First of all I understand your aggrivation, and you have every right to be upset. I have a 2 year old as well and would get extreamly upset when he would get bit at daycare when he was a little younger. Before and while i was pregnant I was also the Assistant Director of a child care center. And I also have an AS in Early Childhood Education. Biting is a tough stage. Once one kid starts doing it, it tends to spread around the room, so be prepared for that. The only thing that a childcare center can do is put the biter in time out. If it is continues and the owener or director feels it is appropriate (some owners don't want to loose the money) they can kick the child out of the center. When your aggrivated just remember that these are 2 year olds. They are learning to communicate appropriately and need to have patients with them. Like I said being a parent I know that is extreamly hard you are so upset that your poor baby is hurt. Also be prepared for your son to possibley start biting. Espically if he was bitten over a toy or something like that and say that the other child got what he wanted when he bit. Talk to him about using his words, (i know it sounds a little over the top, but believe me they understand) stuff like please thank you and no. Although I bet if he is anything like mine he has the no part down lol. And of course teach him to share. If parents are working on this at home and the teacher is at the child care center it should really help with whats going on in the classroom. Good luck.

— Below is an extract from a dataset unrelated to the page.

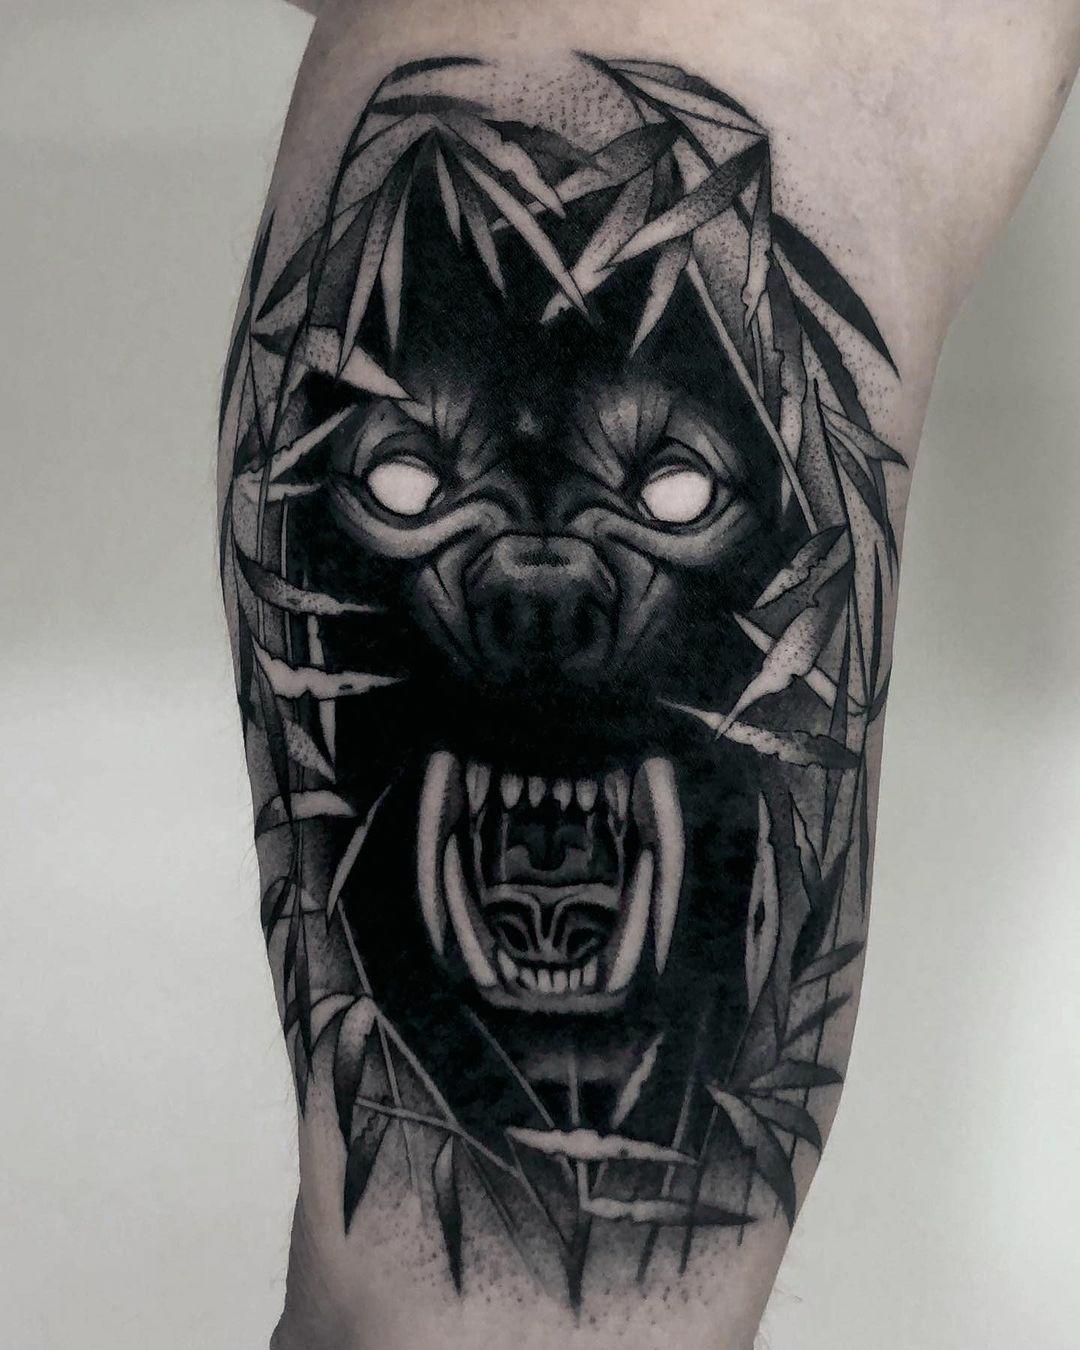 Inksearch tattoo Igor Marek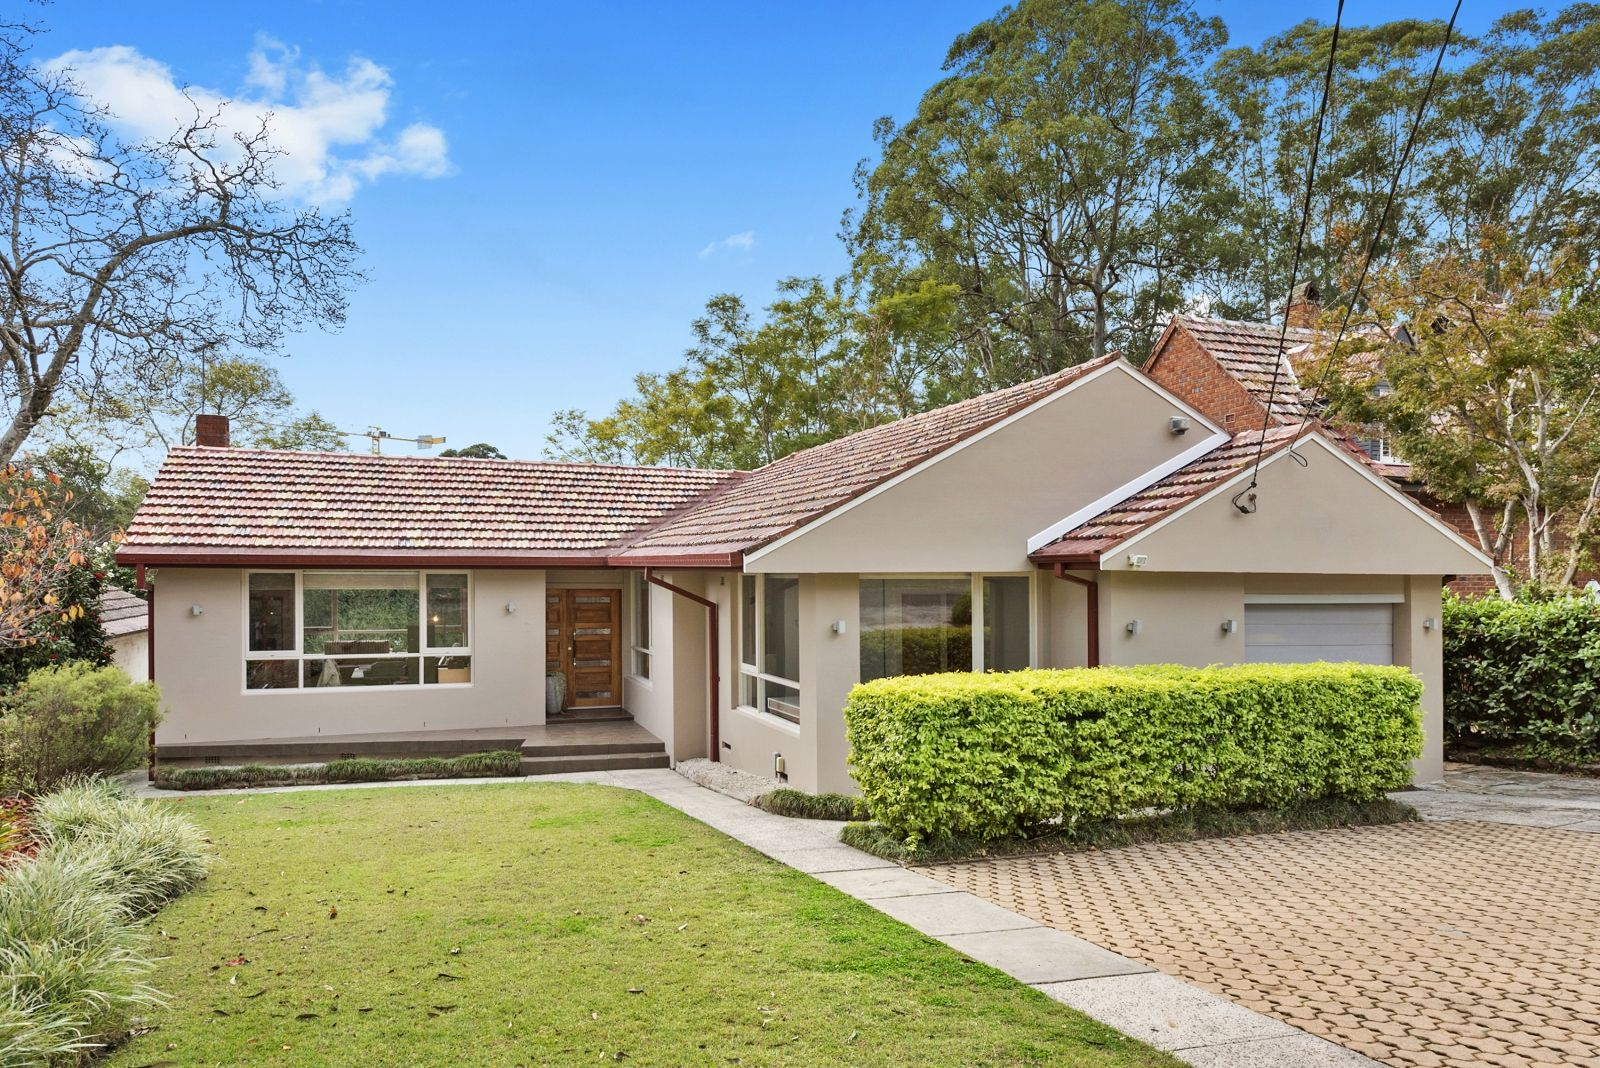 7 Pentecost Avenue, St Ives NSW 2075, Image 0

I would ask you daycare what type of action was taken on the child that bit your son. You are paying this place to take well care of your son, while you are away, at work. And for something of this nature to happen in their presence would not make me very happy! I would see where that takes me. Maybe even ask for the parents of the child to call you so you could speak with them? Personally, I don't know if my child would be returning to a daycare at which a child bit my son and no action was taken to correct it.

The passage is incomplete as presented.